Second, the findings of this study emphasize the importance of continued research into the long-term consequences of COVID-19 in children. Even in cases where acute neurological symptoms resolve, it remains to be seen whether these children may be at risk of long-term cognitive or neurological sequelae. Longitudinal studies are needed to assess the evolution of these abnormalities and their potential impact on a child's development and quality of life.

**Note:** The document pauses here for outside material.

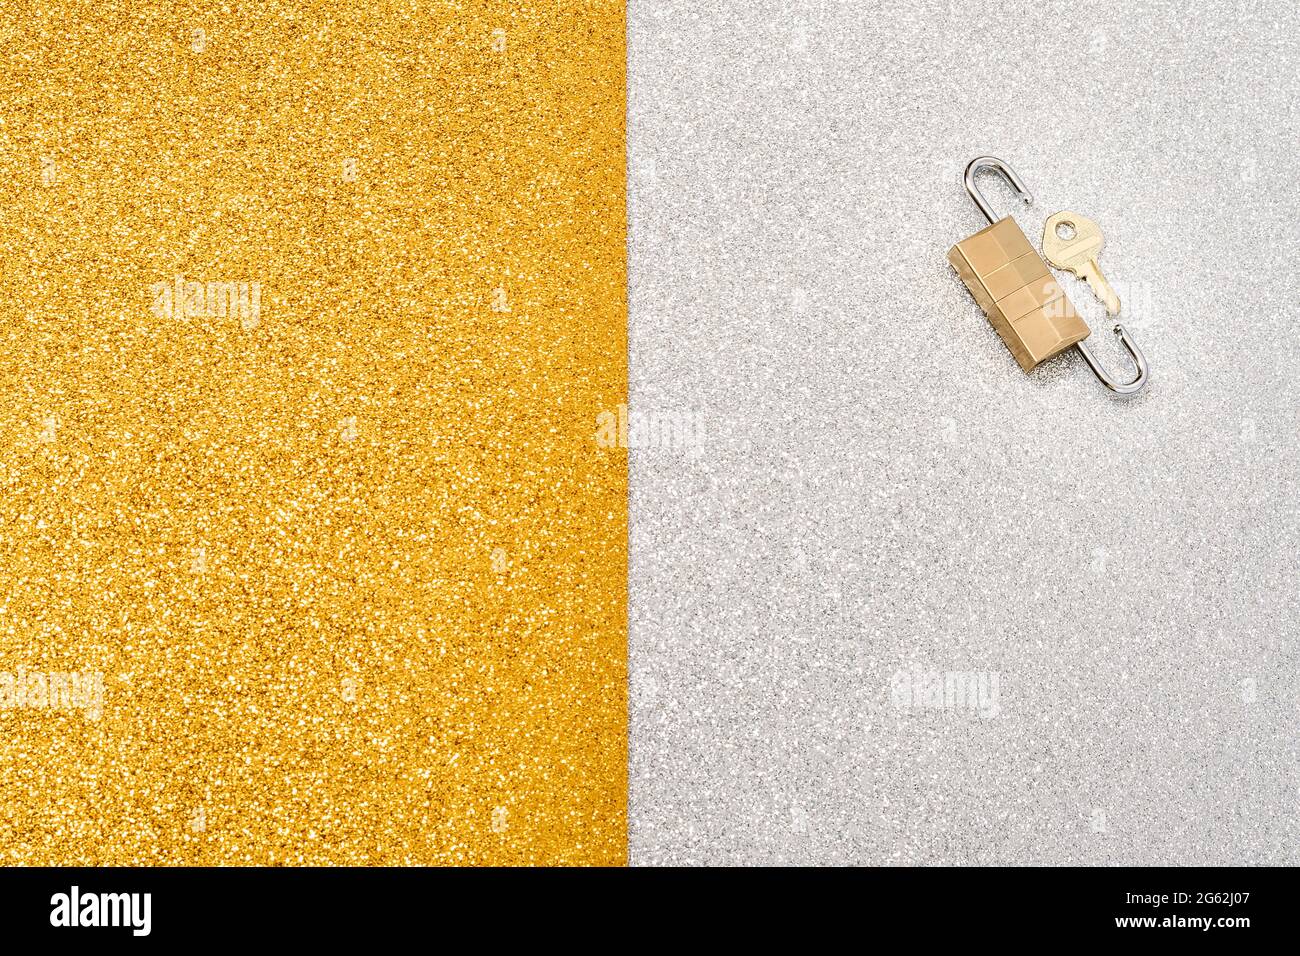 Photo of two padlocks and a small key on a silver and gold background that pretends to show a message.The photo has copy space for text or whatever yo Stock Photo

To the best of our knowledge, this study represents the first systematic review and meta-analysis of neuroimaging findings in pediatric SARS-CoV-2 cases. Nonetheless, it is important to acknowledge several limitations of this study. Firstly, some of the studies included in our analysis exhibited substantial heterogeneity, attributed to variations in study designs, patient cohorts, and imaging protocols. This inherent diversity, though mitigated through statistical methods, somewhat limits the generalizability of our findings. Secondly, the potential presence of publication bias, although not overtly evident in our assessments, cannot be entirely dismissed. Thirdly, the relatively limited number of studies constrained our ability to conduct more detailed subgroup analyses and explore specific aspects comprehensively. Moreover, in this study, our research commenced on December 1, 2019. It is essential to acknowledge a limitation related to the evolving nature of information about COVID-19 during that early period. Detailed and comprehensive information about COVID-19, including its clinical manifestations and neurological implications, may not have been readily available at the beginning of our study. As a result, some aspects of our analysis may be based on limited data and evolving knowledge in the early stages of the pandemic. Furthermore, establishing a causal relationship between COVID-19 infection and the observed neuroimaging abnormalities remains an ongoing area of investigation. These abnormalities may be influenced by systematic confounding factors such as comorbidities, mechanical ventilation, and the complex pharmacological regimens administered for respiratory distress with hypoxia. These limitations underscore the necessity for future prospective studies that consider comorbidities and conduct more intricate analyses to affirm the potential association between COVID-19 and neuroimaging findings.

Conclusion

In conclusion, this systematic review and meta-analysis highlight the incidence of abnormal neuroimaging findings in children with COVID-19. The findings underscore the importance of vigilance for neurological complications in pediatric COVID-19 cases, as well as the need for standardized reporting and long-term follow-up to better understand the implications of these abnormalities. Further research and collaboration are essential to deepen our understanding of the neurological aspects of COVID-19 in children and to improve clinical care for this vulnerable population.